Ralph Angenendt wrote:
Michel Daggelinckx wrote:
I've been to FOSDEM this weekend and noticed the small number of CentOS people at the booth.
Well, we weren't as much as Fedora had, but much more than OpenSuSE seemed to have :)
The Ubuntu people work with Local Community Teams to support and promote the distro.
I think it would be beneficial for CentOS to setup a similar structure.
Are there people who want to do that?
At the moment it's mostly sysadmins who introduce/sneak CentOS into businesses. Local Community Teams can setup a booth at computer fairs and other events. This way the general public (small businesses, non-profit organisations, schools, ....) are exposed to CentOS.
Again: Are there people who want to do that? I asked a few weeks ago about a computer fair in eastern germany and there weren't that many answers (well, to be exact there wasn't any).
If there are people willing to "man" those local groups, I don't see any problem CentOS should or will have with that.
Do you have a proposal how local groups like that could be worked out? How large/small areas those groups should cover? What needs to be done from the CentOS team to support those groups?

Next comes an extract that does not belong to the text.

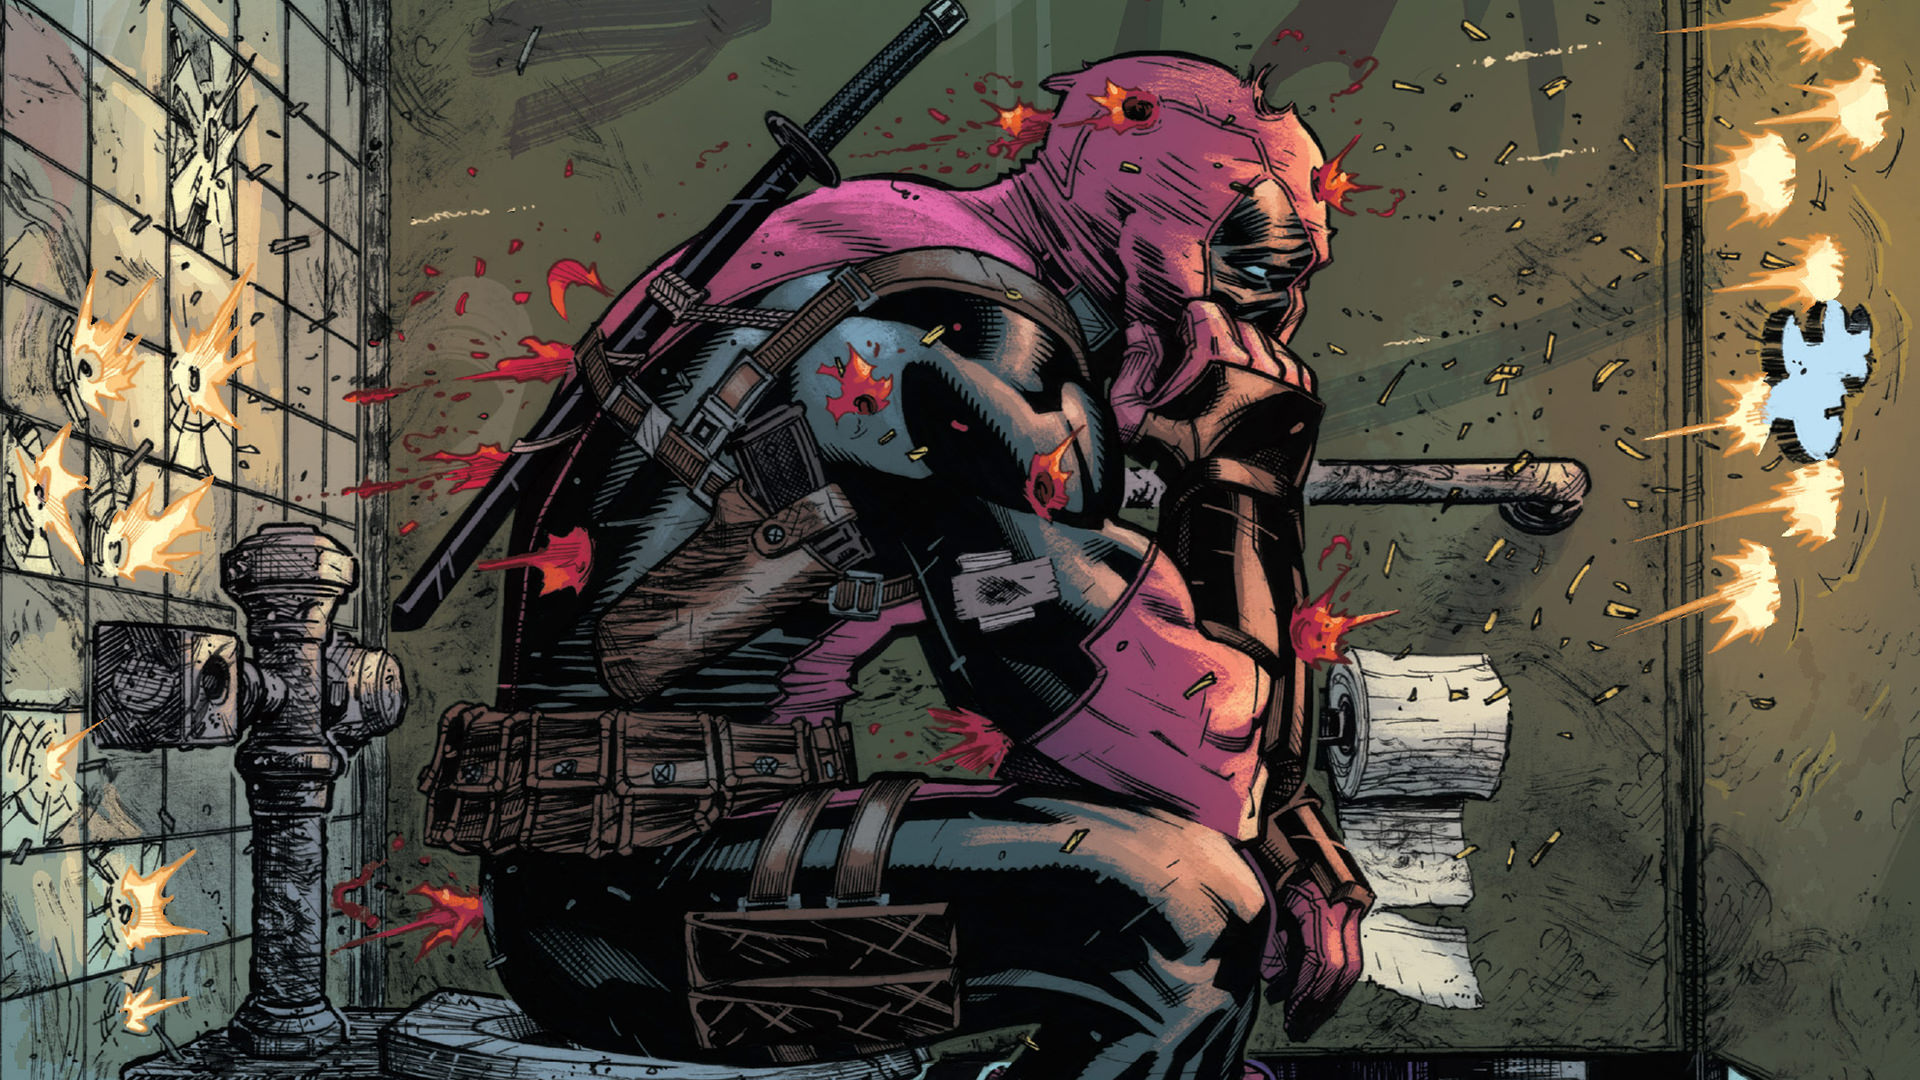 General 1920x1080 Deadpool toilet paper shooting blood Wade Wilson Marvel Comics

Which infrastructure is needed?
Cheers,
Ralph
CentOS-promo mailing list CentOS-promo@centos.org http://lists.centos.org/mailman/listinfo/centos-promo
Infrastructure needs: mailinglist for each team centos.org sub-domain and web space with a wiki
area size: 1 team for each country, subdivisions are possible, they operate under the national team.
For multilingual country's: Belgium, Swiss, ... where language is key refer to foreign teams, Belgium = French, Dutch and German so we refer German people to German team for support. Where location is key: fairs, meetings, ... the national team will be responsible and can cooperate with neighboring teams.
The teams are free to organise them self in the way they see most fit, cultural differences make it impossible to have a unified structure. Every team should have an "official" contact for communication between teams, the public, press and the global CentOS team.